Cannot chown a lockfile:. Why?

Att

----------

## depontius

By default, nfs is set up with the root "squashed", essentially turned into noboty.  So root has less capability on a mounted filesystem than even an ordinary user.  Normally this is OK - even desirable because it gives your users extra privacy, but putting distfiles on nfs is one situation where it isn't.

Look for the "root_squash"/"no_root_squash" options.  Normally root_squash is the default.  I believe you have to have "no_root_squash" in both /etc/exports on the server, and on the mount definition line in /etc/fstab on the client.  I've never done this, so I don't know exactly.  But I believe this is your problem.

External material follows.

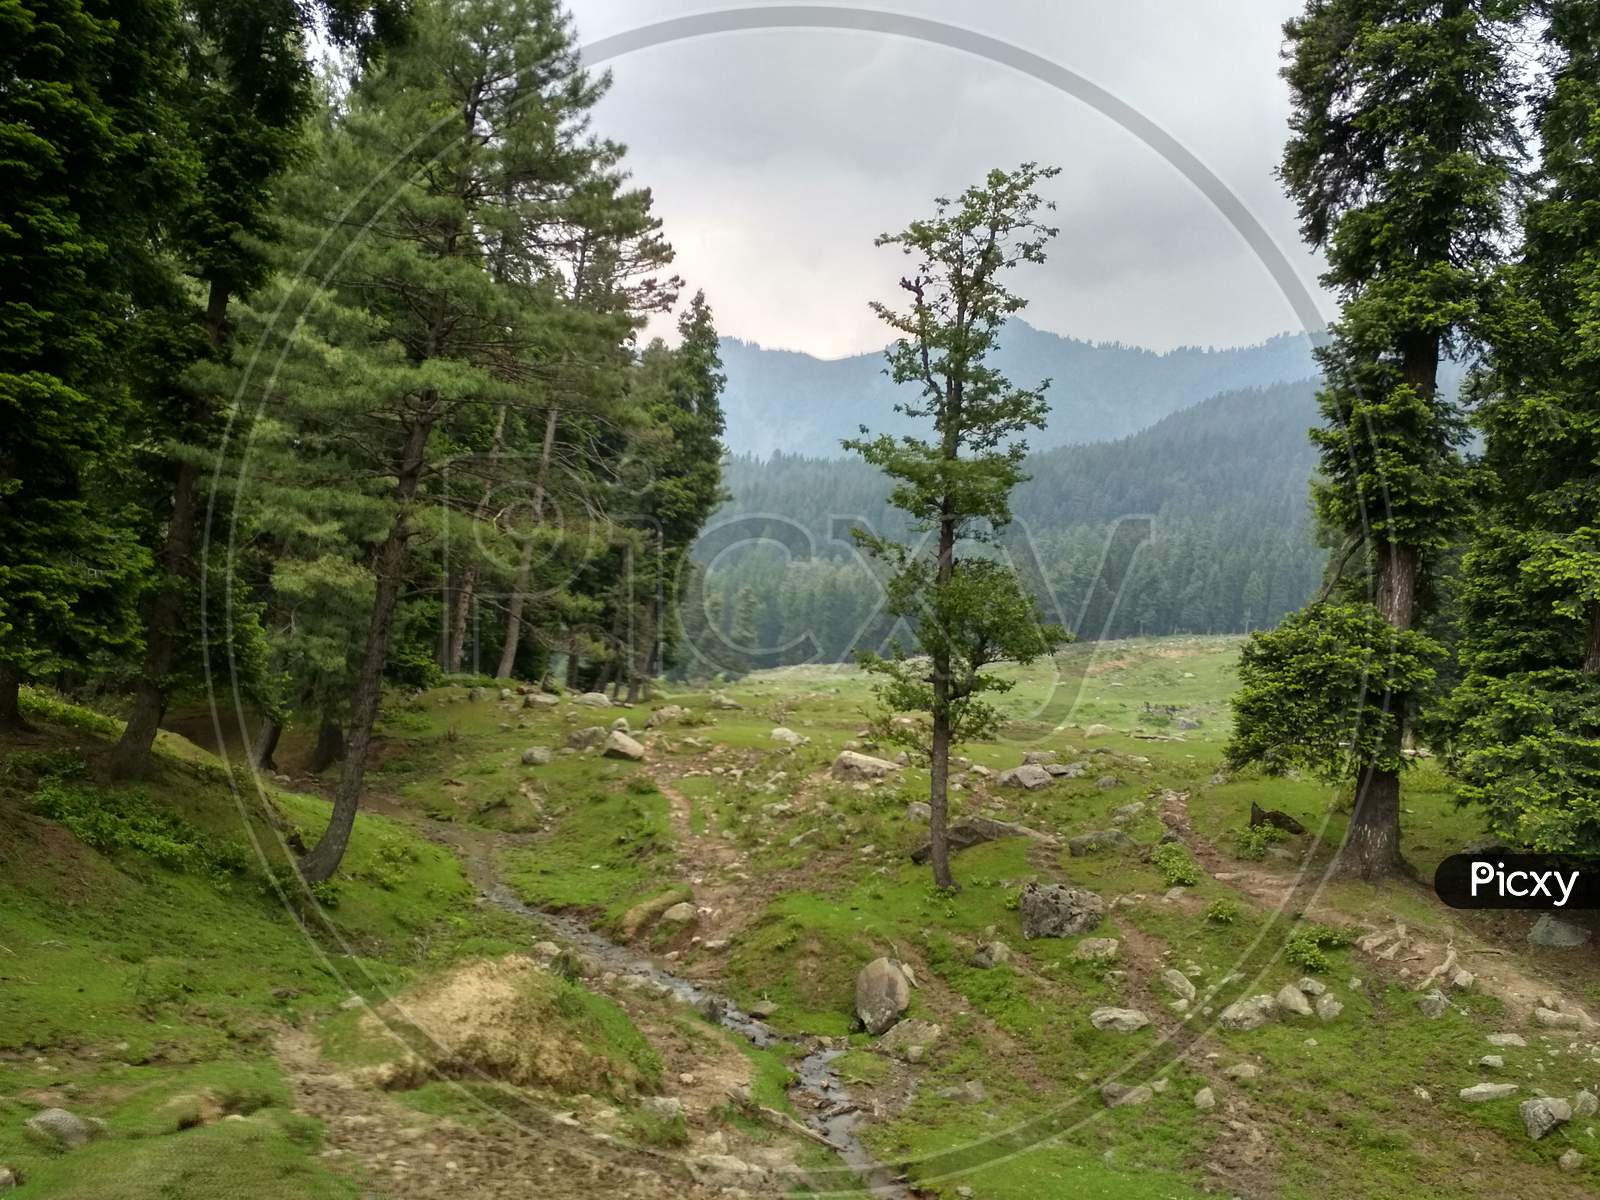 A Beautiful view and environment of deenu valley in Kashmir

I do have slight root squash problems on my systems, still.  My /home is nfs4 mounted, and every now an then some ebuild or another wants to touch something in /home, and fails.  (IIRC, it might be mythtv, because /home/mythtv does exist.)  I have to unmount /home and repeat the emerge.  For me this works, because my local /home is really mounted on /local.  On the native /home are per-user symlinks to /local/(user).  For me, the mythtv user is a bit of a special case, in that it's box-local.  So on my nfs server home/mythtv is yet another symlink to /local/mythtv.  So for me, unmounting /home gets the right files in /home/mythtv updates, because it's really updating /local/mythtv, and that's what's normally used.  It's just that when /home is nfs4-mounted, root can't traverse the symlink.

----------

## zhushazang

Now working.

I needed only configure correctly /etc/idmapd.conf

The line Domain need be the same in every machine that'll use the nfs exported directory.

Thanks for all

----------

## mattst88

For reference, the relevant bug report is https://bugs.gentoo.org/show_bug.cgi?id=318847

----------

## clytle374

I just developed this problem with a portage share.  

I set the domain line in /etc/idmapd.conf  the same on both machines, and it still doesn't work

Is there any other config for idmap?  I can't find anything on it, I did find mention that it needs to be running, like in a service?  If so, I can't find one.

thanks

Cory

----------

## titanofold

 *clytle374 wrote:*   

> I just developed this problem with a portage share.  
> 
> I set the domain line in /etc/idmapd.conf  the same on both machines, and it still doesn't work
> 
> Is there any other config for idmap?  I can't find anything on it, I did find mention that it needs to be running, like in a service?  If so, I can't find one.
> ...

 

Did you restart rpc.idmapd?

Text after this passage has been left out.